**What you are asked to do**. Aside from the pictures, copy the listing exactly.

***

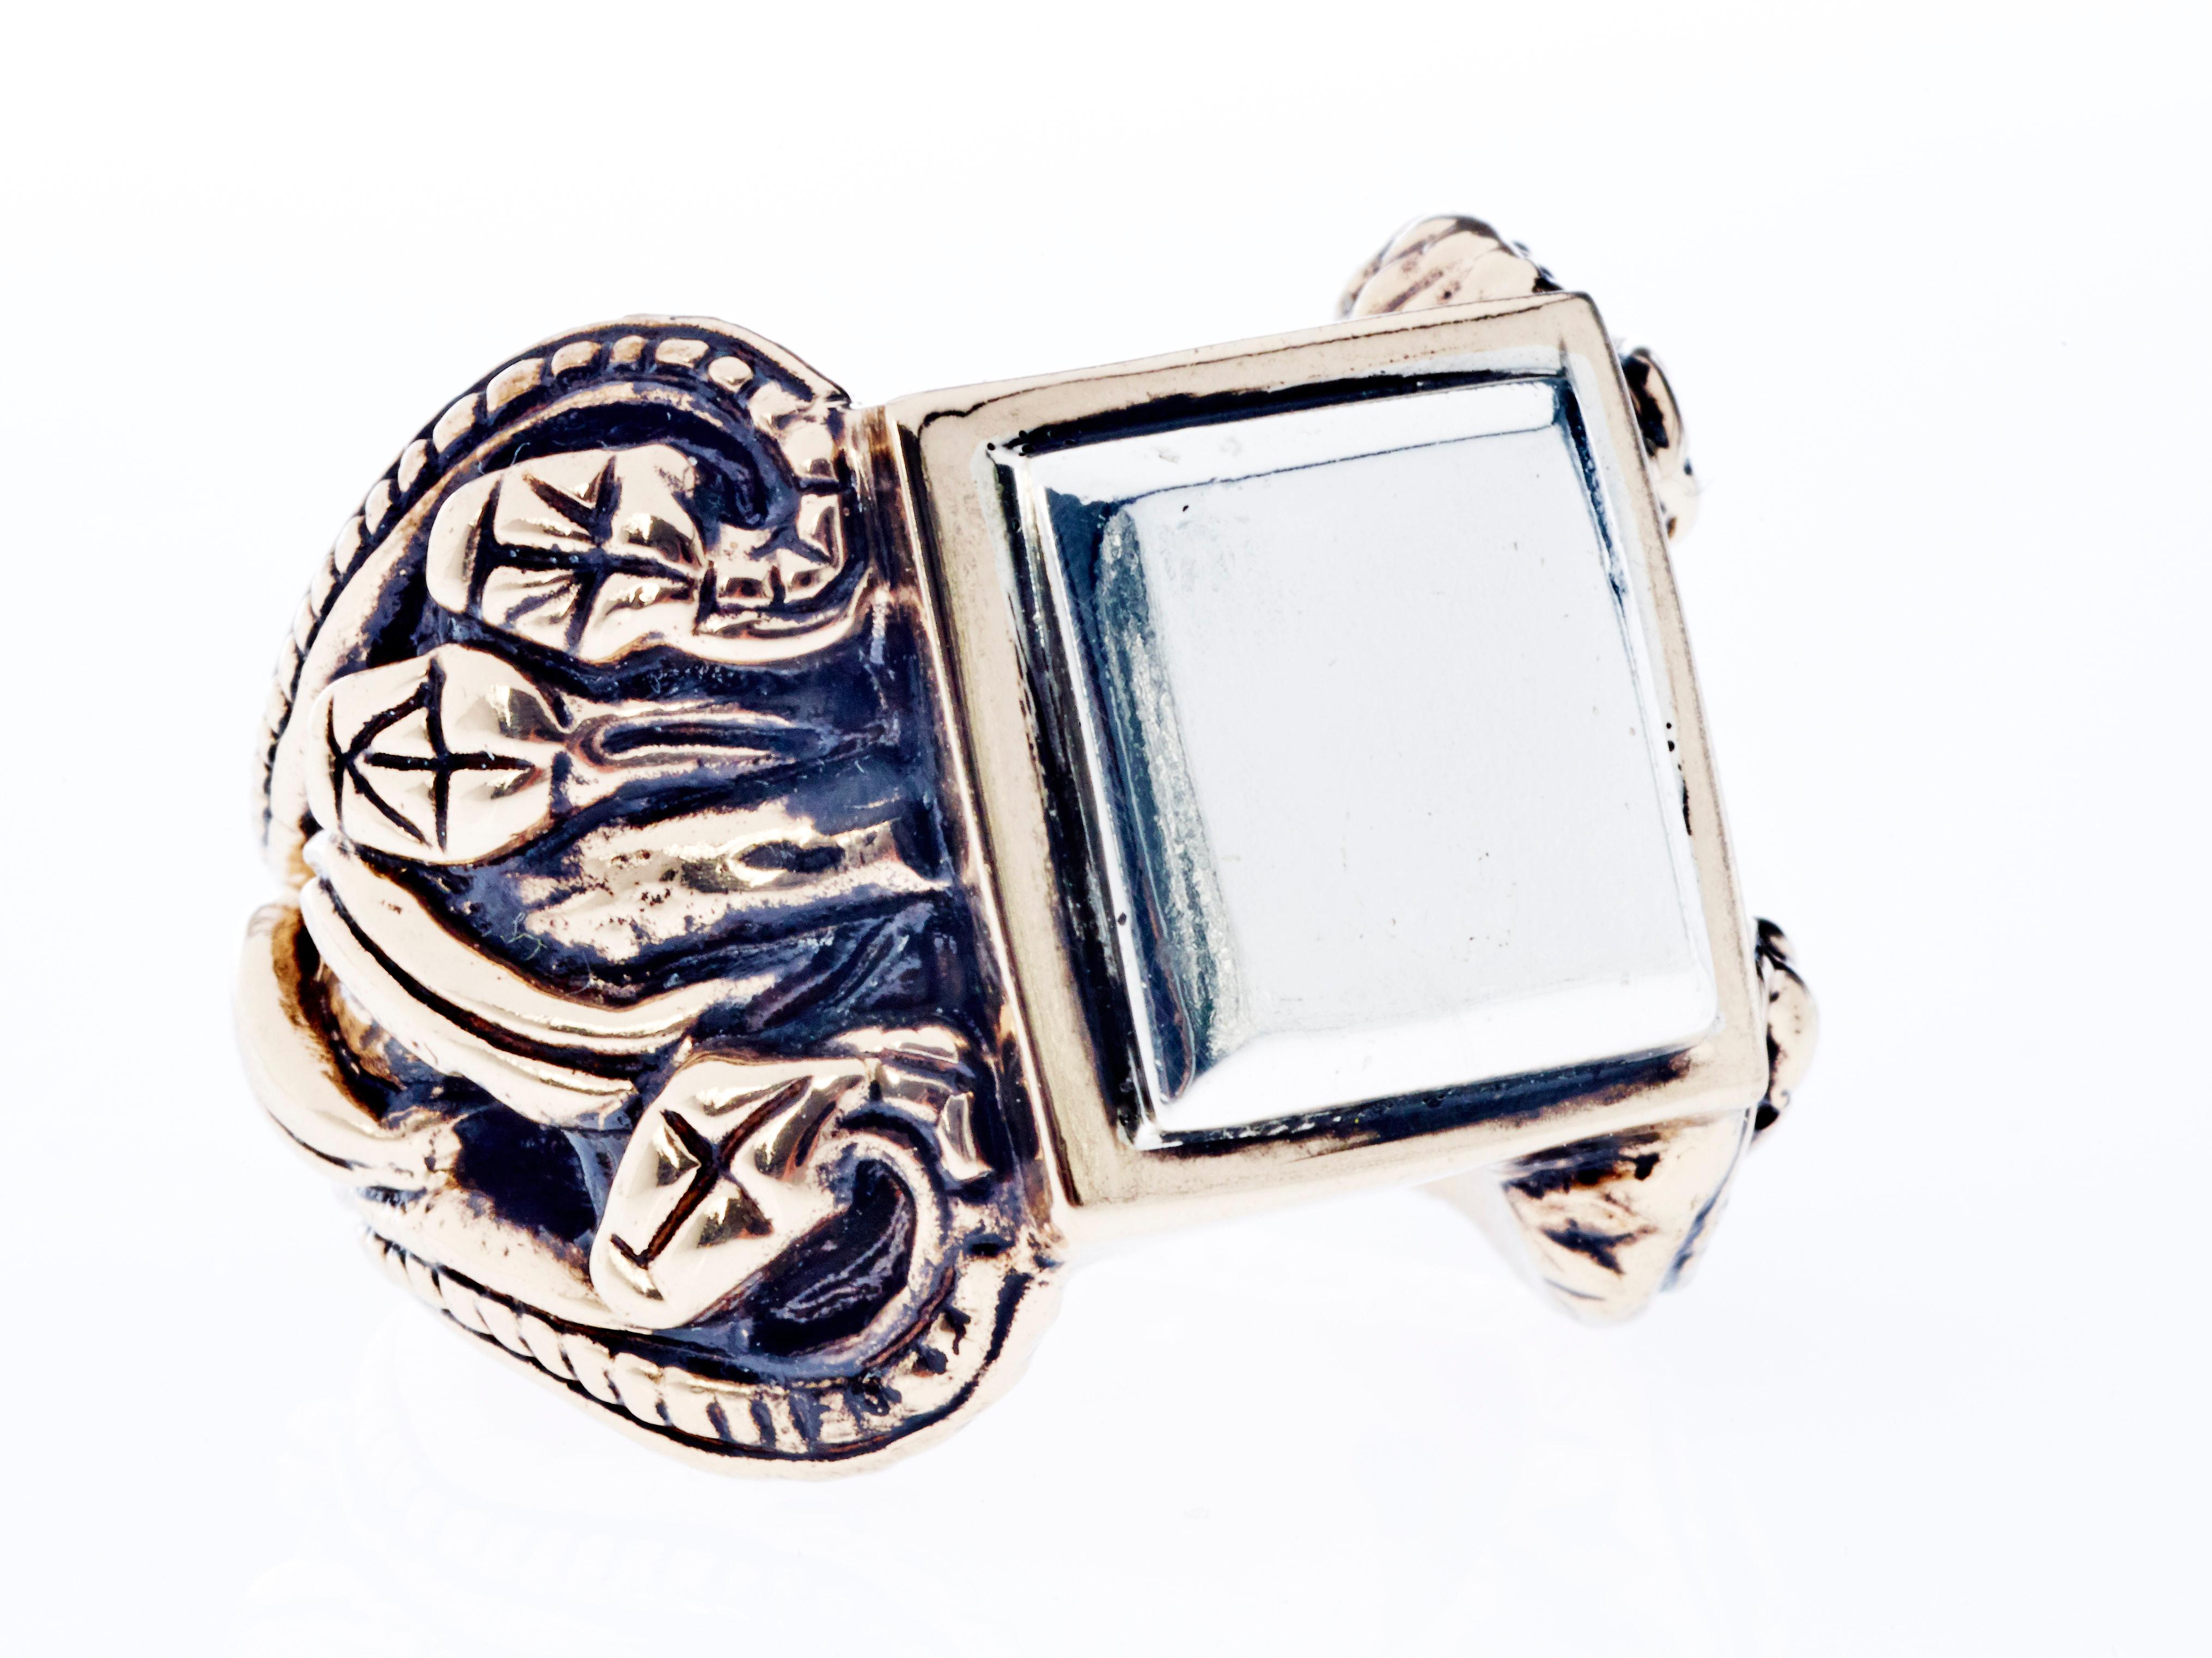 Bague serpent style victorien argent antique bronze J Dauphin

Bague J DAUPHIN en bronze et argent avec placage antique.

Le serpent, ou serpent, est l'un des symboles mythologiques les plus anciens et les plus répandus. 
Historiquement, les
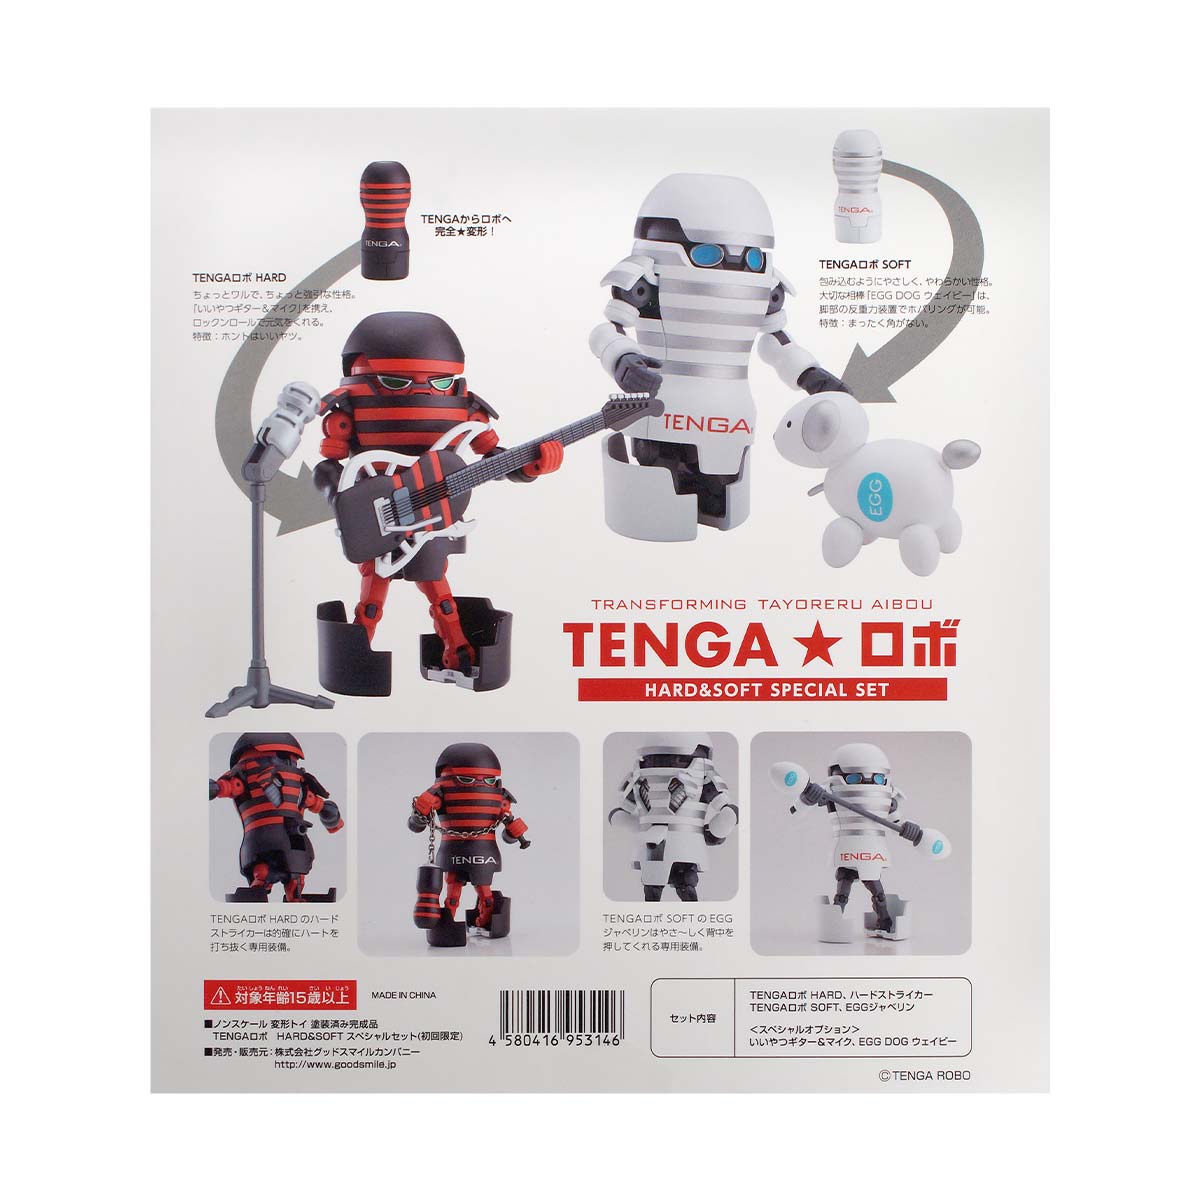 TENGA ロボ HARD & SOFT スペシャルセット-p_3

***

**Output of the exercise**.
 Bague serpent style victorien argent antique bronze J Dauphin

Bague J DAUPHIN en bronze et argent avec placage antique.

Le serpent, ou serpent, est l'un des symboles mythologiques les plus anciens et les plus répandus. 
Historiquement, les
 TENGA ロボ HARD & SOFT スペシャルセット-p_3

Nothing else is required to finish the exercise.